Sound waves enter the outer ear via the pinna (or auricle), travel down the ear canal and eventually to the eardrum, making the eardrum vibrate. The eardrum (or tympanic membrane), is extremely sensitive to sound vibrations, being able to detect the faintest of sounds and the most complex of audio patterns.
The eardrum passes the sound vibrations on to the auditory ossicles of the middle ear. The auditory ossicles comprise three tiny bones, the malleus, incus, and stapes, connected in series, which work to amplify the sound vibrations before transferring them to the inner ear.
The malleus, the first of the three bones, receives any vibrations from the outer ear, and the stapes, the last bone in the chain, connects to the oval wall of the inner ear, where vibrations from the stapes create ripples in the fluids contained in the cochlea.
The inner ear is located between the middle ear and the internal acoustic meatus, and is made up of the bony labyrinth and membranous labyrinth. The bony labyrinth consists of a series of bony cavities comprising the cochlea, vestibule and three semi-circular canals, all filled with a fluid called perilymph.
The membranous labyrinth is filled with a fluid called endolymph, and is made up of the cochlear duct, semi-circular ducts, utricle and the saccule. The inner ear is innervated by the vestibulocochlear nerve, entering the inner ear via the internal acoustic meatus, and dividing into the cochlear nerve, responsible for hearing, and the vestibular nerve, responsible for balance.
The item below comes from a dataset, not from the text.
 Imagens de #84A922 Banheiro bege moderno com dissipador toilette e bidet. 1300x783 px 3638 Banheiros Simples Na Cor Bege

Within the cochlea, hair cells (the sensory cells of the auditory system), respond to sounds based on their frequency. Any incoming sound waves create ripples in the fluid inside the cochlea, provoking a deflection of the hair cell stereocilia and creating electrical signals in the hair cells.
High-pitched sounds will stimulate the hair cells in the lower part of the cochlea, and low-pitched sounds in the upper part of the cochlea.
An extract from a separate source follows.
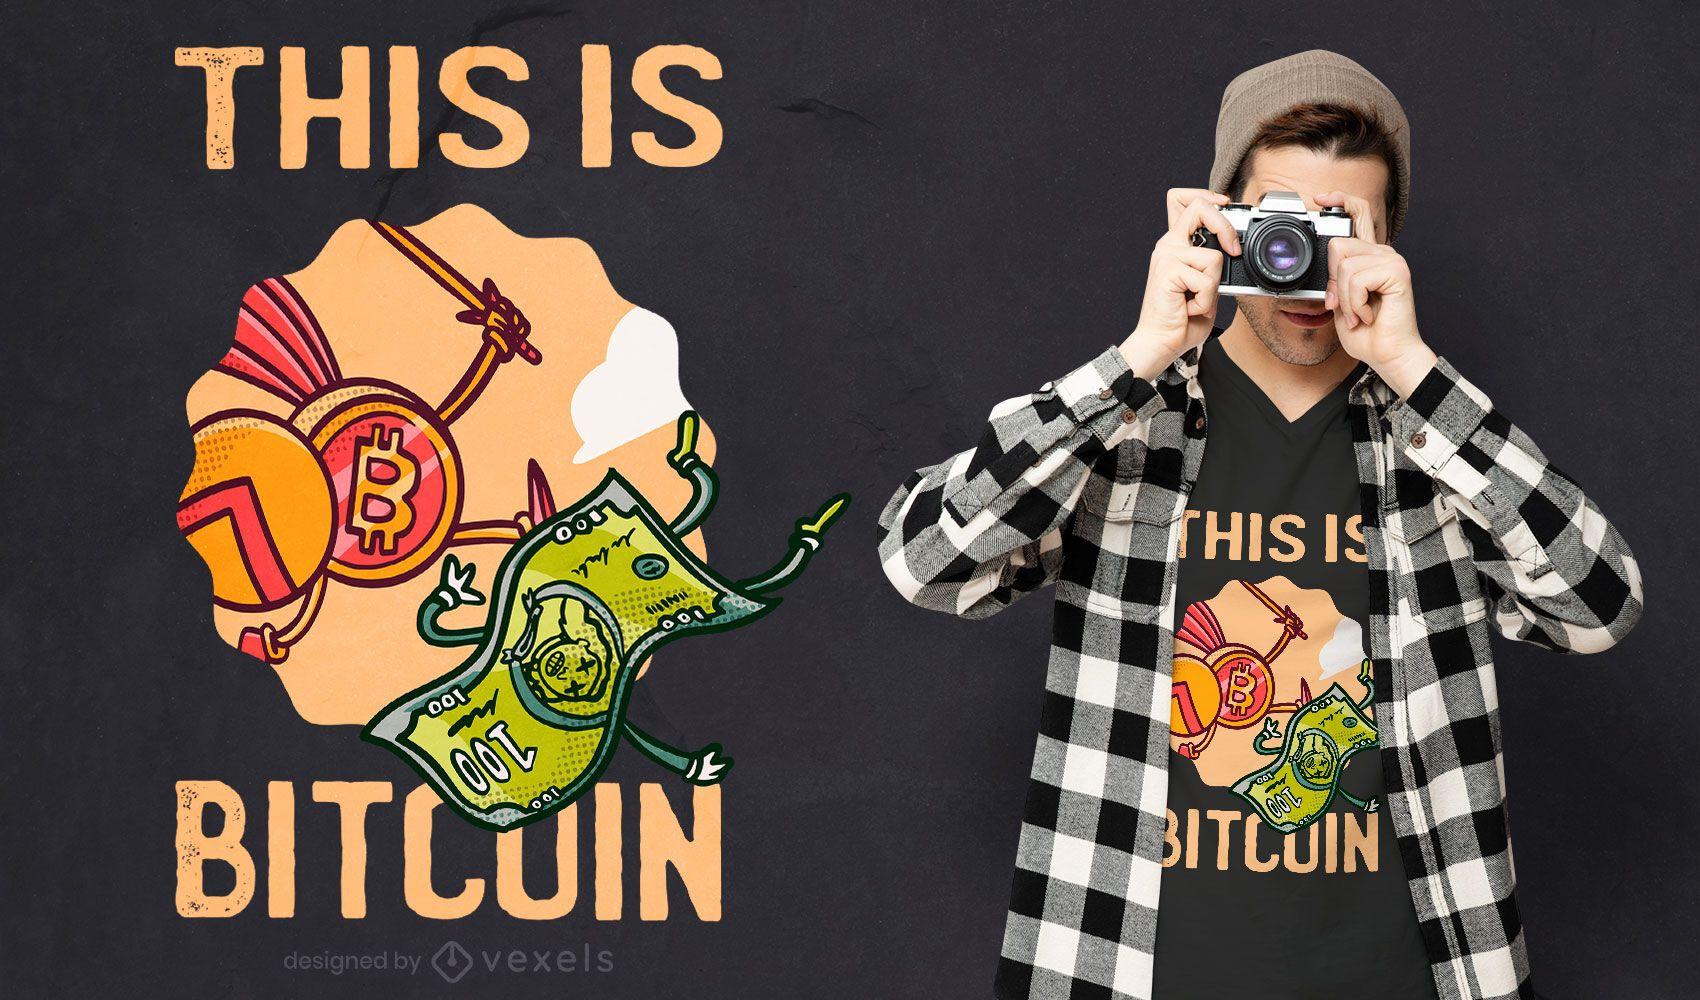 Diseño de camiseta con cita de bitcoin espartano

When hair cells detect a frequency to which they are tuned to respond, they generate nerve impulses that are transmitted along the auditory nerve. These nerve impulses follow a complicated pathway in the brainstem before reaching the auditory cortex, the hearing center of the brain, where they are converted into meaningful sound.
Why are Ultrasonic Waves Not Audible to Humans
The human ear is a very delicate, complicated and remarkable organ. When sound waves enter the ear, they are converted into vibrations that are passed along the ear canal, through the middle ear and on to the cochlea, where hair cells respond to frequencies they are tuned to detect, converting them to impulses that are sent to the brain.
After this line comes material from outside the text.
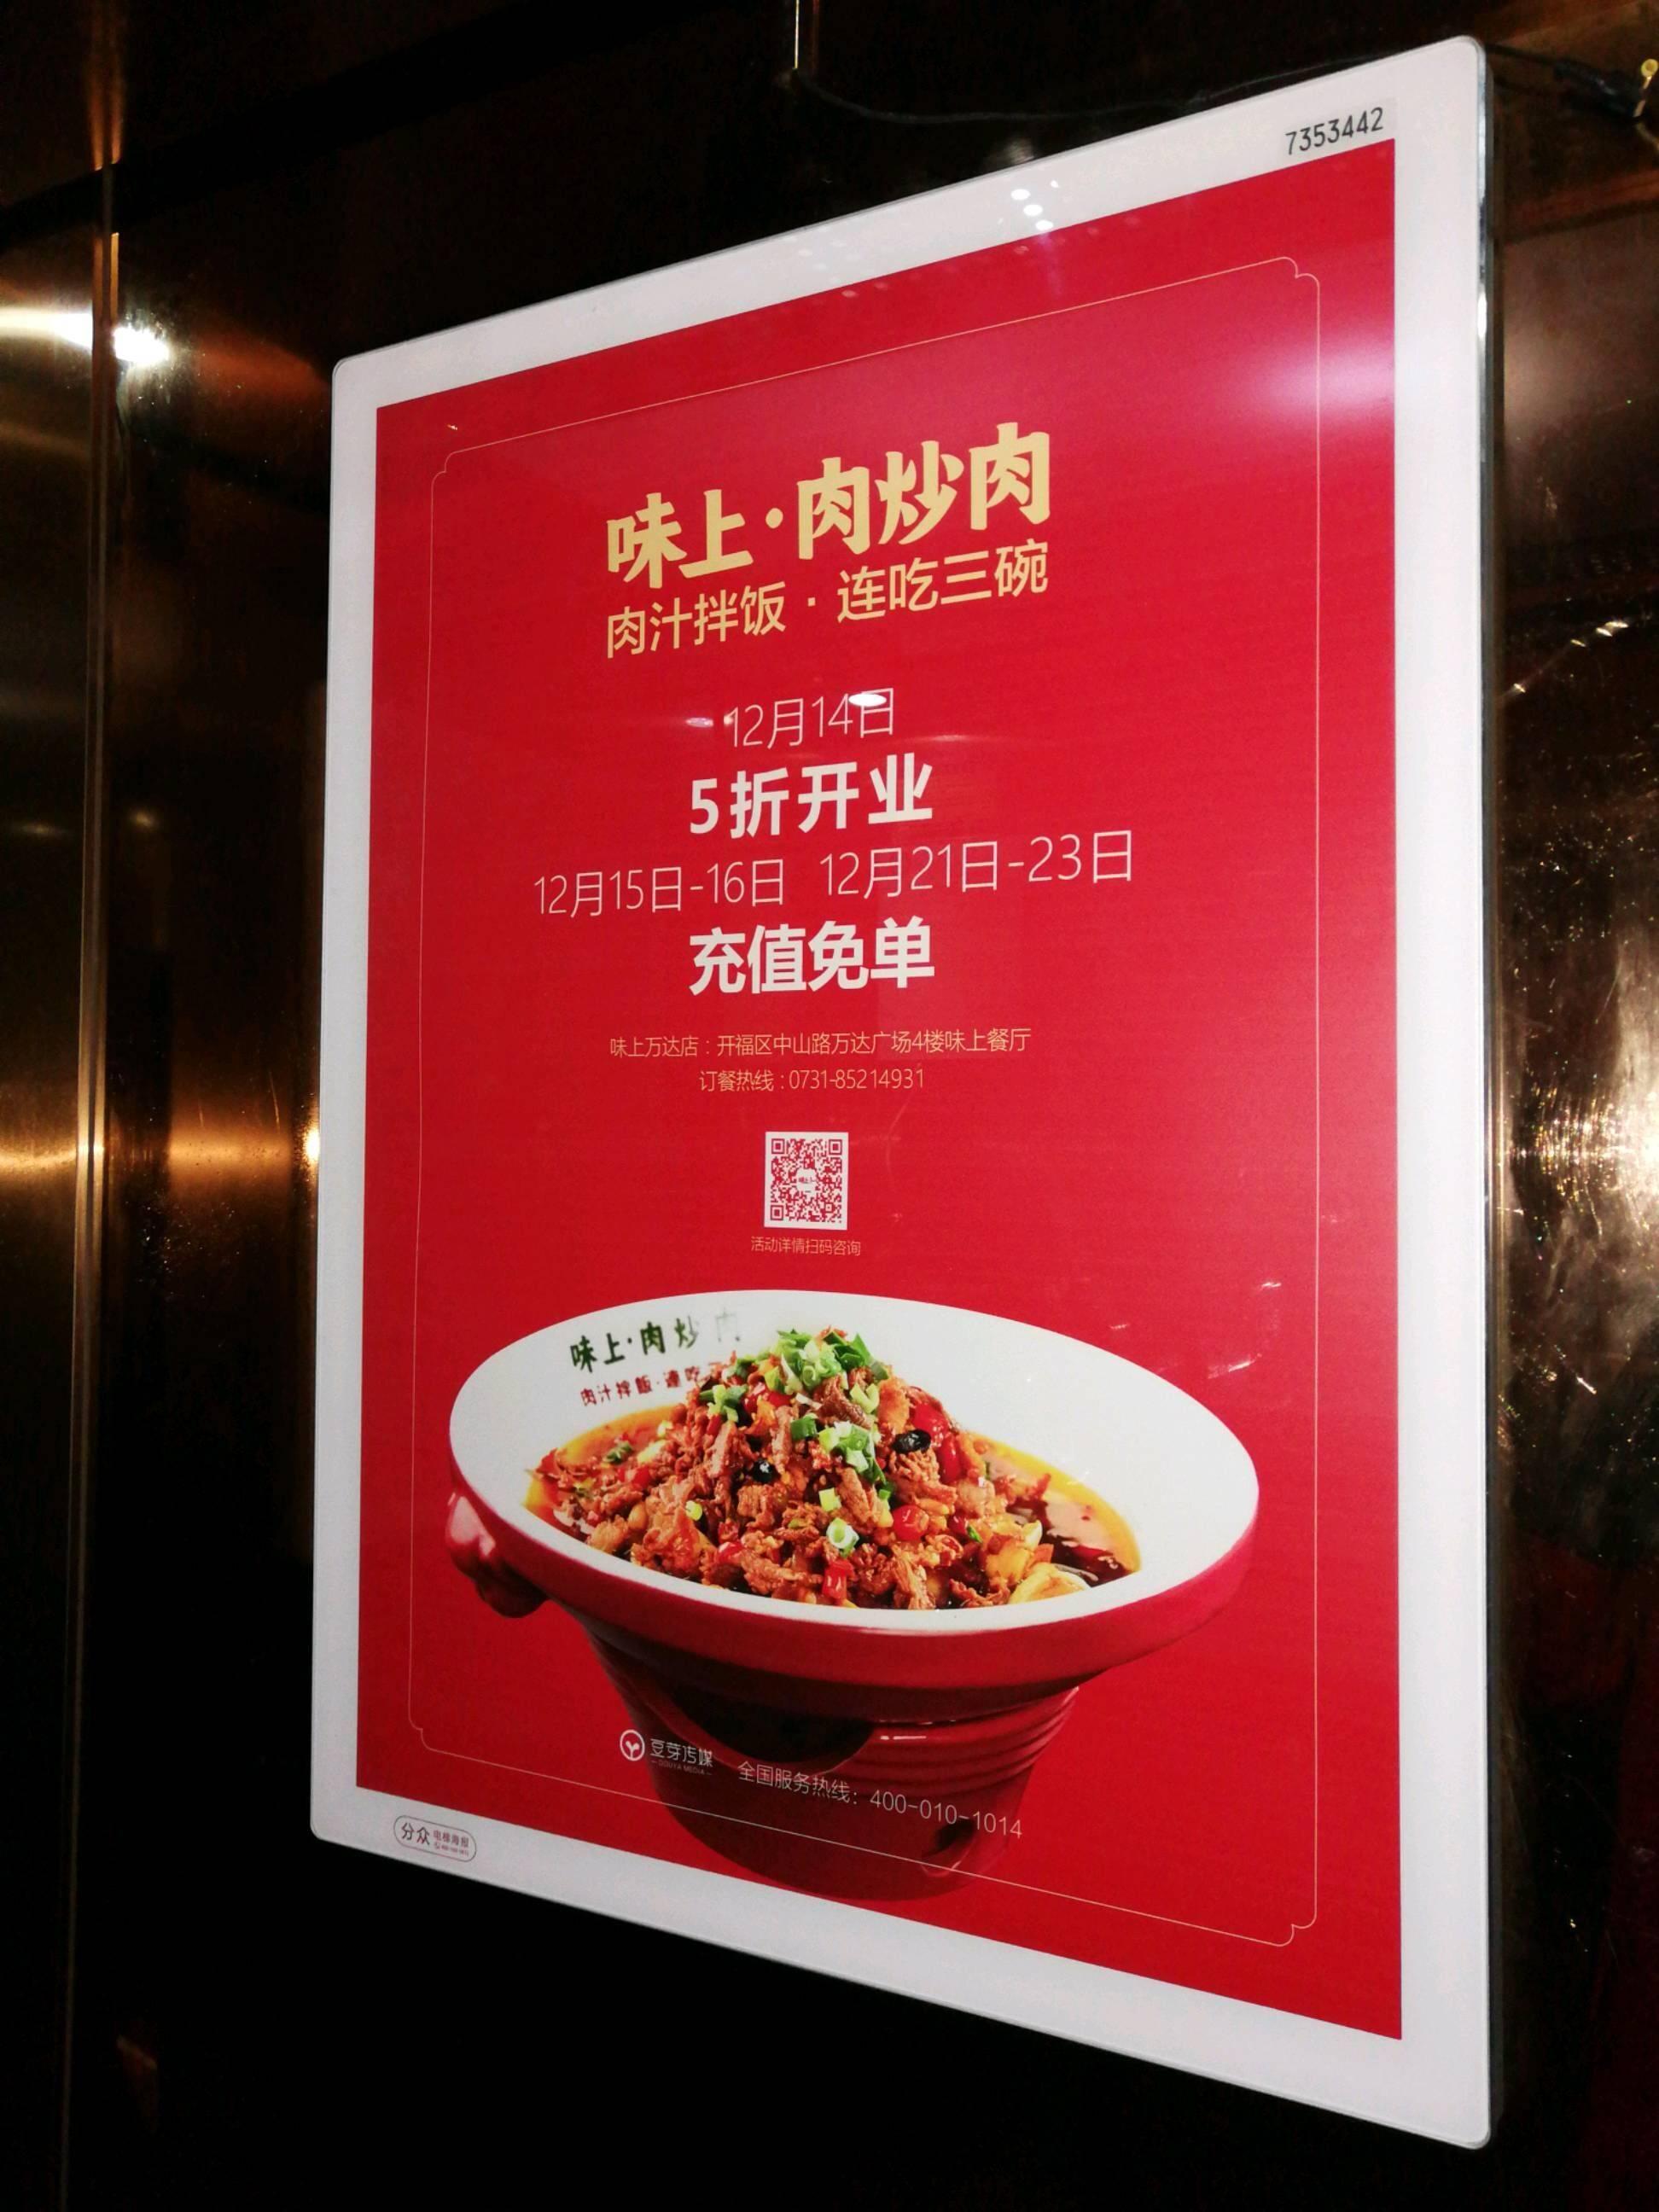 宁波电梯广告公司广告牌框架3.0投放(100框起投)

These hair cells therefore, determine the human audible range. Any frequencies not picked up by the hair cells, are effectively filtered out. This is a natural, physical limit, and the range of human hearing is nominally accepted as being 20 Hz to 20 kHz, with any frequencies above 20 kHz being referred to as ultrasonic.
Of course, not everyone can hear at the extremes of the human auditory range. In general, young humans have better hearing than the elderly, being able to hear frequencies at, or even just beyond the boundaries of human hearing.
Side-note: It is for this reason that ultrasonic waves/frequencies can be used for pest control. For instance, gophers dislike noisy environments – the same could be said for other burrowing rodents.
However, age related hearing loss, called presbyacusis, is common among adults over the age of 65, leading to the gradual decline in hearing in both ears. Also, excessively loud noise or continual loud noise (above 85 dB) over an extended period, can damage the cochlear hair cells, leading to impaired hearing.
These are just a couple of reasons why many people have a less than a perfect hearing range.